Deceiving Grooves; Who Did it Better?

Earlier this summer a post titled “Adjustable Bounce; Who Did it Better” pitted Acushnet against Bridgestone in a death match concerning the best adjustable bounce wedge (perhaps slightly overly dramatic). Today we tackle a different issue, perhaps a sensitive issue for some (not me, of course), regarding men and their desire to have things appear larger than they actually are. Come on; I am talking about grooves and today the competitors are Cobra Golf and Karsten (aka PING).

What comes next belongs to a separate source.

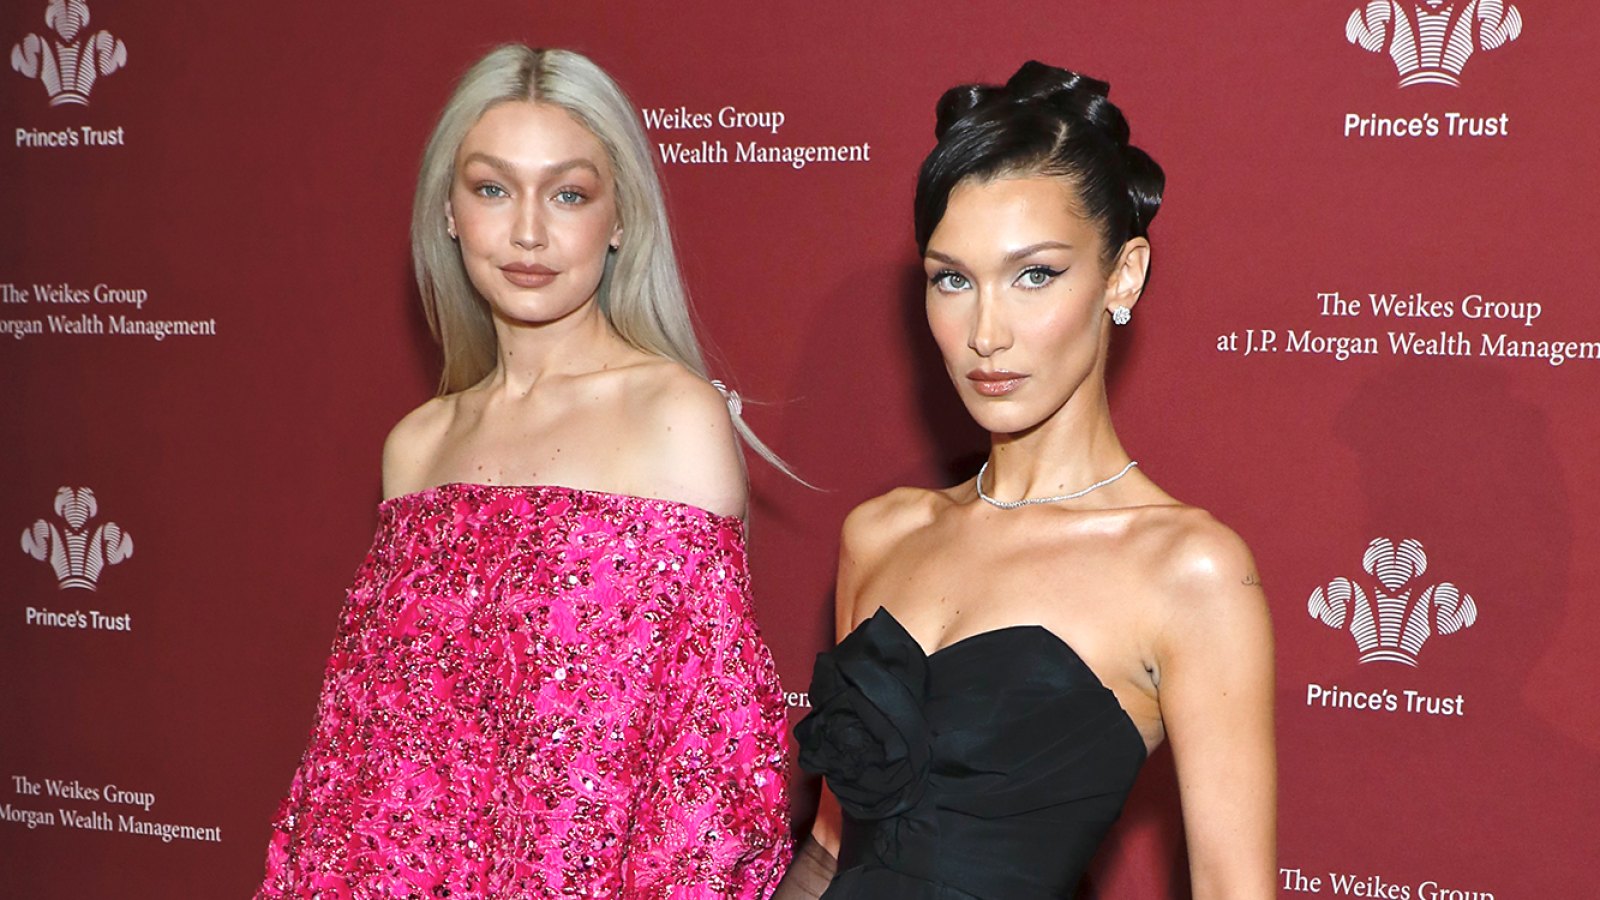 Bella and Gigi Hadid team up for Versace campaign

So, back in November of 2012 I reported on a Cobra Golf patent application directed to a groove design that would provide golfers with the perception of larger grooves. Now golfers are a pretty gullible group of  people, but would the perception of larger grooves, even though you know they aren’t any larger, actually make you play better? Would I run any faster if I used a stopwatch that ran at half speed so it seemed like I was running twice as fast, even though I knew the stopwatch simply ticking the seconds off twice as slow? I wouldn’t bet on it.

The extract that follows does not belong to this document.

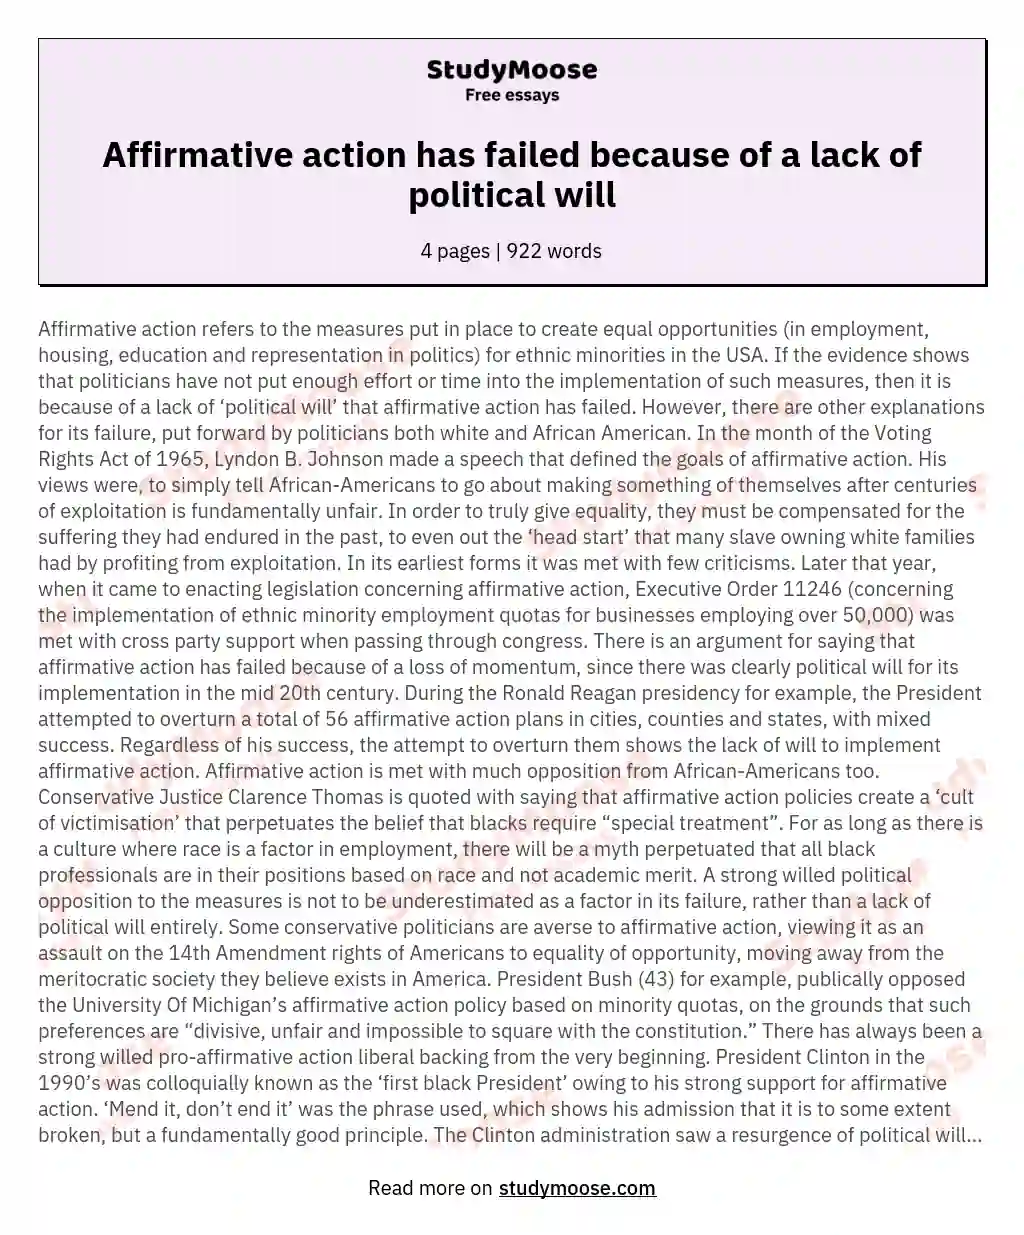 Affirmative action has failed because of a lack of political will essay

Well, even though I thought the idea was a bit loopy and something you couldn’t market without essentially calling a golfer stupid, not every one agrees. In fact, Karsten had a patent application publish this week as US Pub. No. 20130260912 that is directed to this deceiving groove concept. The application explains:


[0003] In general, a golf club includes a club face with grooves in order to increase the frictional force at impact between the club face and the ball. The United States Golf Association (USGA) publishes and maintains the Rules of Golf, which govern professional golf in the United States. Appendix II to the USGA Rules provides several limitations on the grooves for golf clubs, including limitations on symmetry, width, depth, edge radius, and relative distance between grooves. The Royal and Ancient Golf Club of St. Andrews, which is the governing authority for the rules of professional golf outside the United States, provides similar limitations to golf club design.

[0004] Moreover, an accurate hitting stoke is accomplished through a variety of subjective, as well as objective, golf club features. For example, many people subjectively associate smaller grooves with decreased ball spin at impact and with shorter distances after impact.

[0041] FIG. 6 illustrates an example of a cross-sectional view of the second part of club face 111 superimposed over a part of a prior art club face. As shown in FIG. 6, the use of second portion 223 in addition to groove 222 can create a visual impression to the user of golf club 100 that grooves 222 are larger than prior art grooves by amount 622 while golf club 100 and grooves 222 still comply with the USGA Rules of Golf. Accordingly, because many people associate larger or wider grooves with increased spin at ball impact and also with longer distances after impact, use of golf club 100 can provide an increased psychological benefit to its users and allow the user to hit a golf ball further and with improved accuracy.

[0049] As shown in FIG. 7, golf club 700 is comprised of a contrasting finish, and a lead-in design for the grooves. The lead-in design, combined with the contrasting finish, creates an exaggerated "visual width" of the grooves, while the grooves remain entirely conforming to the USGA groove rules.

[0050] The contrasting finish is made up of a first finish (i.e., the lack of cover layer 740) and a "second finish" (i.e., cover layer 740) on club face 711. To manufacture golf club 700, the golf club head is forged or cast without the grooves in club face 711. After several smoothing steps, the golf club head possesses the natural finish of the metal, which is the first finish. Then a coating, or otherwise contrasting second finish, is placed on the golf club head. This contrasting second finish could be a plating, thin film coating, oxidation process, blasting process, or any other method that can, in some examples, create a resilient and thin coating. In many examples, the second finish is a contrasting finish when compared to the first finish that is created on the substrate club head material after the grooves have been machined or otherwise created. The contrasting second finish (i.e., cover layer 740) can be very thin to facilitate the milling of the lead-in design (in some examples, less than 0.001 in. (0.025 mm) thick). Some examples of contrasting finishes are: black-nickel chrome, dark-colored physical vapor deposition (PVD), QPQ (quench polish quench), oil can, satin nickel-chrome, steel shot bead blasting, or ceramic media blasting.

[0051] Referring to FIG. 8, a golf club with a first and second finish and the lead-in groove design is shown side-by-side with a standard finish and standard grooves. In this embodiment, the grooves of golf club 700 appear to be 20% wider than the grooves in the prior art golf club.

So, who did it better? I am not sure either did it better, so I give the win to Cobra Golf since they filed a patent application roughly a year before Karsten. Now I am off to purchase a muscle suit to wear during my round tomorrow because I am sure it will make me hit the ball further (and with improved accuracy)!